Let $f: \mathbb{R} \rightarrow \mathbb{R}$ be a continuous at $c$ and let $f(c)>0$. Show that there exists a neighborhood $V_{\delta}(c)$ of $c$ such that if $x \in V_{\delta}(c)$ then $f(x)>0$.
The above statement is taken as a fact in Wolfe conditions proof so I thought it might be useful to have the proof.
I tried the continuity definition at $c$ to show it
$$\forall \epsilon > 0, \exists \gamma > 0 ; \\ \forall x \in \mathbb{R}, |x-c| < \gamma \Rightarrow |f(x)-f(c)| < \epsilon$$
For the case $f(x) > f(c)$ it works. I do not know how to proceed for the other way around?
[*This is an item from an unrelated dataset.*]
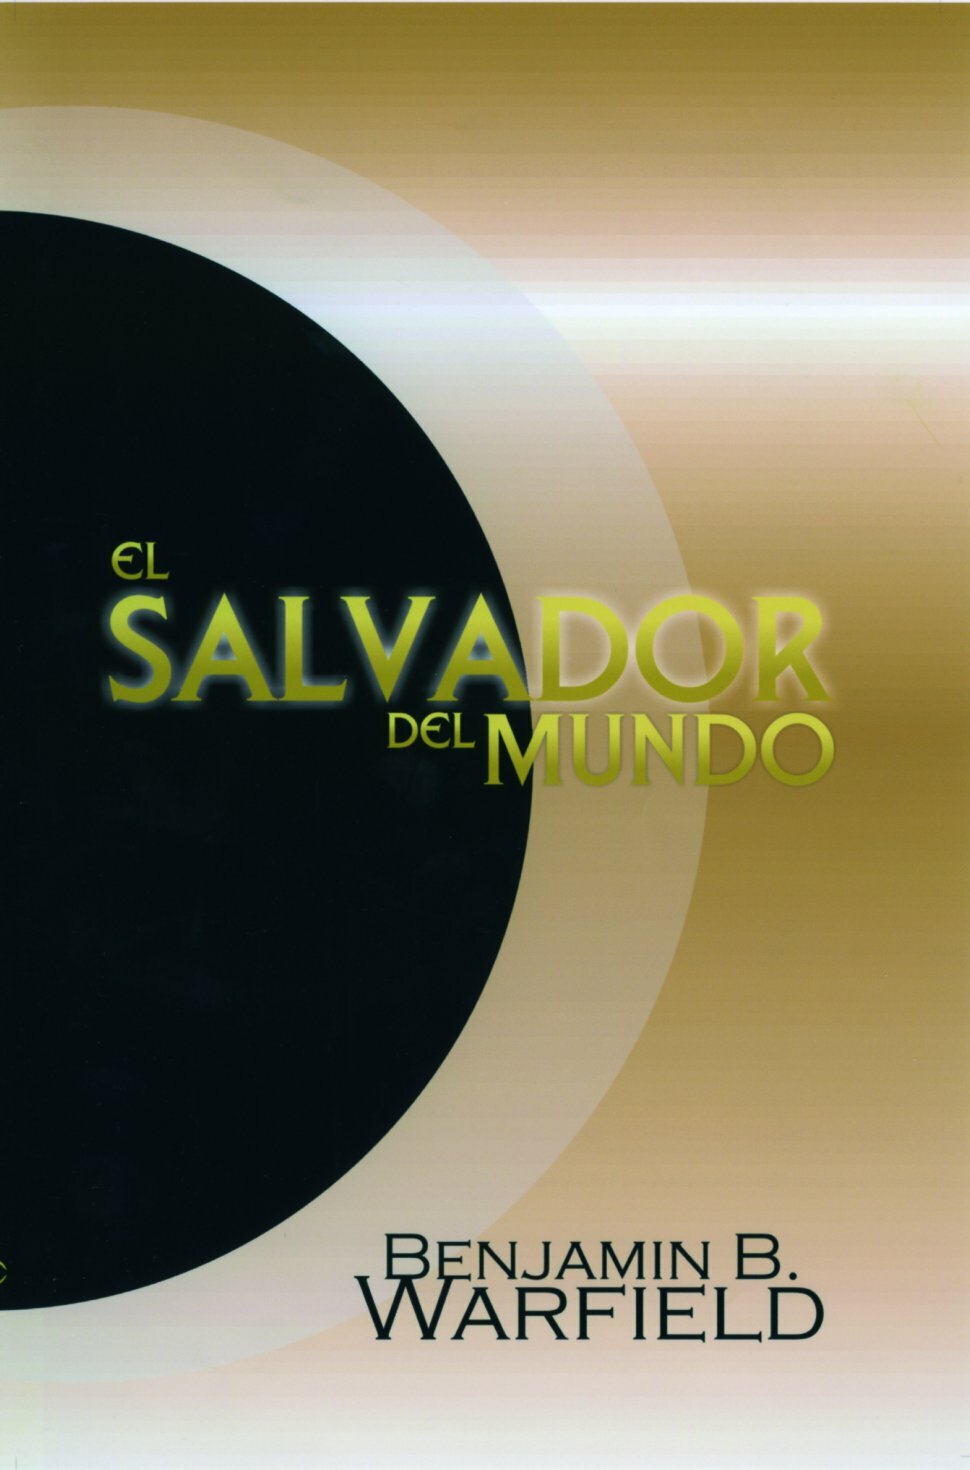 El Salvador del mundo

Recall that, in general, for $c > 0$,
$\vert b - a \vert = \vert a - b \vert < c \Longrightarrow a -c < b < a + c; \tag 1$
now with $f(x)$ continuous and
$f(c) > 0, \tag 2$
we may choose
$0 < \epsilon < f(c) \tag 3$
and then there exists a $0 < \delta \in \Bbb R$ such that
$\vert x - c \vert < \delta \Longrightarrow \vert f(x) - f(c) \vert < \epsilon; \tag 4$
but in the light of (1) this implies
$0 < f(c) - \epsilon < f(x) < f(c) + \epsilon, \tag 5$
which says that
$\vert x - c \vert < \delta \Longrightarrow f(x) > 0. \tag 6$